For better or for worse, deer management in Arkansas is changing.
That message was clear Wednesday when members of the Arkansas Game and Fish Commission's deer management team briefed the members of the commission on its new deer management strategic plan.
The plan is a document that chronicles the agency's success in managing deer. However, the team left no doubt that chronic wasting disease is now the primary driver. The AGFC is trying to manage a disease. All of the traditional elements of deer management are subordinate.
Ramifications for deer hunting and for deer hunters are profound. Members of the commission's deer management team have long said that the longer a deer lives, the greater its potential for depositing chronic wasting disease prions on the landscape. This is especially true for bucks, which cover greater distances than does, especially during the rutting season. A large number of mature bucks is a health risk.
To mitigate potential for spreading disease, the AGFC's deer managers prefer a young buck population. The destination is not negotiable. The deer biologists said if hunters don't kill off mature bucks, chronic wasting disease will do it instead.
Commission Chairman Ken Reeves of Harrison cited the experience of some friends in Boone County who hunt deer on 1,200 acres of outstanding habitat where deer were once abundant, but are not anymore. Eight bucks were killed on the property this season. All eight tested positive for chronic wasting disease.
Pat Fitts, AGFC director, said, "I'm sorry, but if that happens to me, I'm probably done [deer hunting]."
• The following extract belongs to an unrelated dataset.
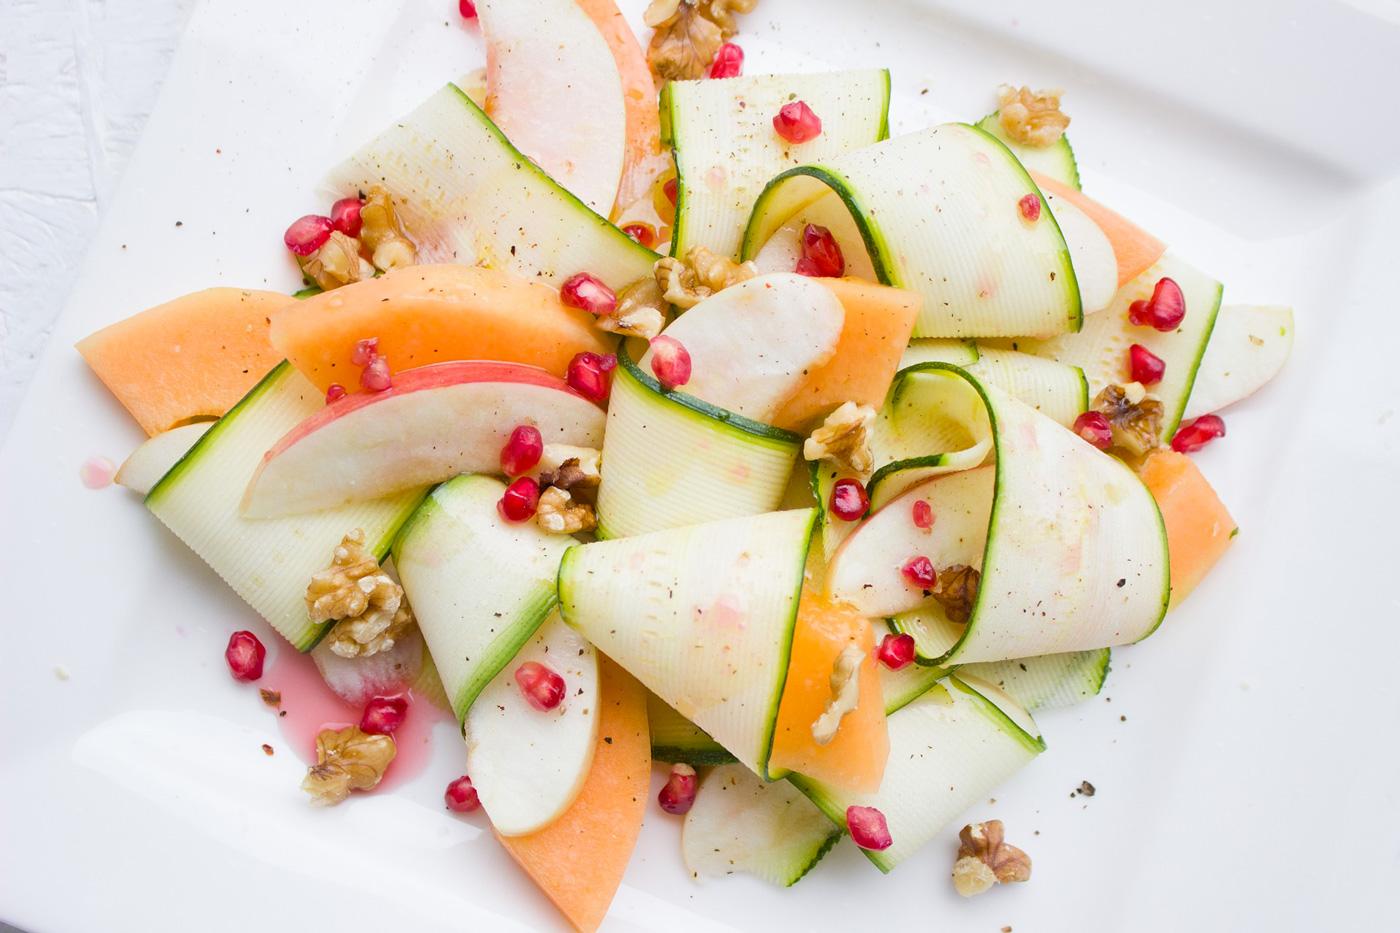 insalata al melone - zucchine e melograno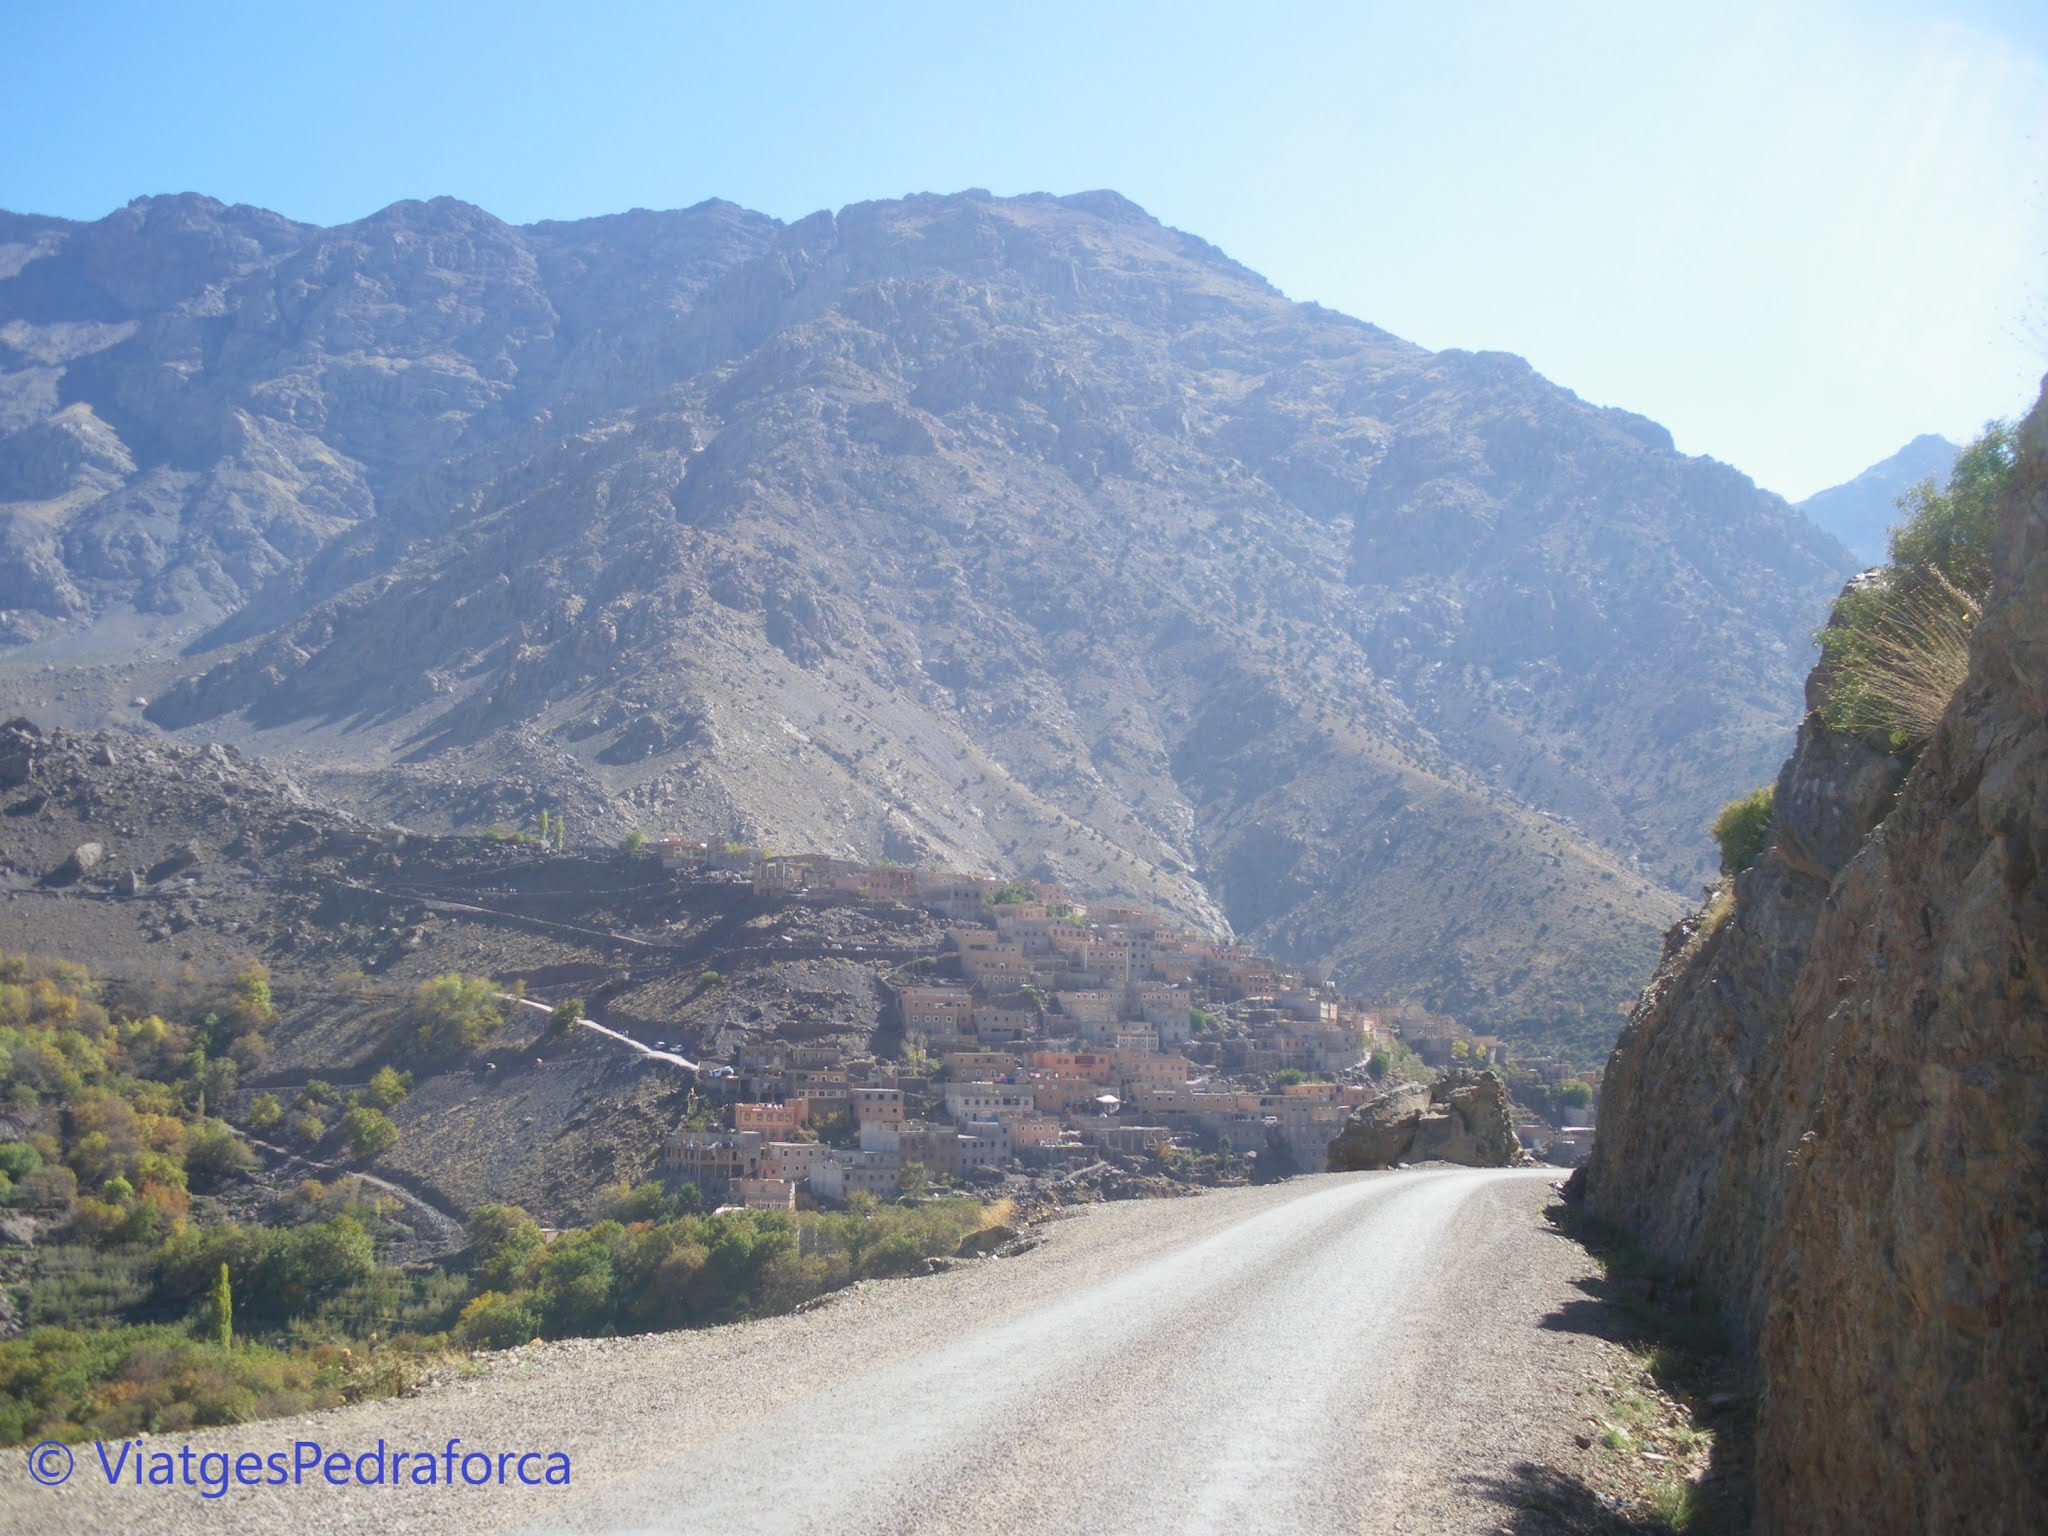 Viatjar per lliure al Marroc, senderisme

I asked this question: If we manage deer in a manner that discriminates against the mature bucks that hunters enjoy hunting, and if the public is afraid to eat venison, what happens to deer hunting? Will hunting cease to be an effective tool to managing deer?
Of course, the answers to those questions are unknown, but common sense indicates a negative trend.
I also asked what number of deer is ideal and sustainable in the CWD age. A prominent deer researcher told me several months ago that 500,000 -- Arkansas's herd size in the mid 1980s -- would be better than present. That would be a reduction of nearly 70%.
That's not only a zone-by-zone equation, but a sub-zone equation. Ralph Meeker, the AGFC's deer project coordinator, said it could even be club by club in high-density deer zones.
Which zones, or portions of zones, will be willing to make the biggest sacrifices?
The solutions are not promising for hunting, and the strategic plan does not address these questions.
Despite acknowledging that older deer need to be culled, the deer team was reluctant to suggest or recommend abolishing the 3-point rule. That is ironic because when the commission adopted the 3-point rule in 1997, the wildlife management staff strongly opposed it. The commission insisted on it.
In the 21 years since, deer hunters have conditioned themselves to allowing young bucks to mature. That philosophy is now encoded in the deer hunter's DNA. If the 3-point rule were rescinded, a high percentage of hunters would continue self-managing for older age bucks. It would also allow hunters to cull mature bucks that show no potential of growing a legal 3-point antler.
Jennifer Ballard, the AGFC's veterinarian, said youth hunters may kill mature bucks with fewer than three points. That's true, but you can't dial up an individual buck to appear when a youth is present. Cruddy antlers don't make a buck any less wary or wily. Plus, what hunter will deny a child a doe or a spike buck -- especially if it will be his or her first deer -- on a speculative chance at a mature 1x2 buck?
If killing mature bucks is advantageous and if hunters are willing and even eager to kill mature bucks with substandard antlers, isn't it advantageous to enable them to do so?
Ballard said there is evidence of some deer showing resistance to chronic wasting disease, and that in some localities, CWD-resistant genotypes might be ascendent. That might be good or not good, Ballard said, adding that "Mother Nature" might have selected against CWD-resistant animals in the past for a reason, and that selecting in favor of those animals now might stage unforeseen problems.
The draft of the plan and a public comment survey are online at agfc.com/en/hunting/big-game/deer/2019-strategic-deer-management-plan/. The AGFC will accept comments until Jan. 20. The deer management team will submit the final draft to the Commission on Feb. 20.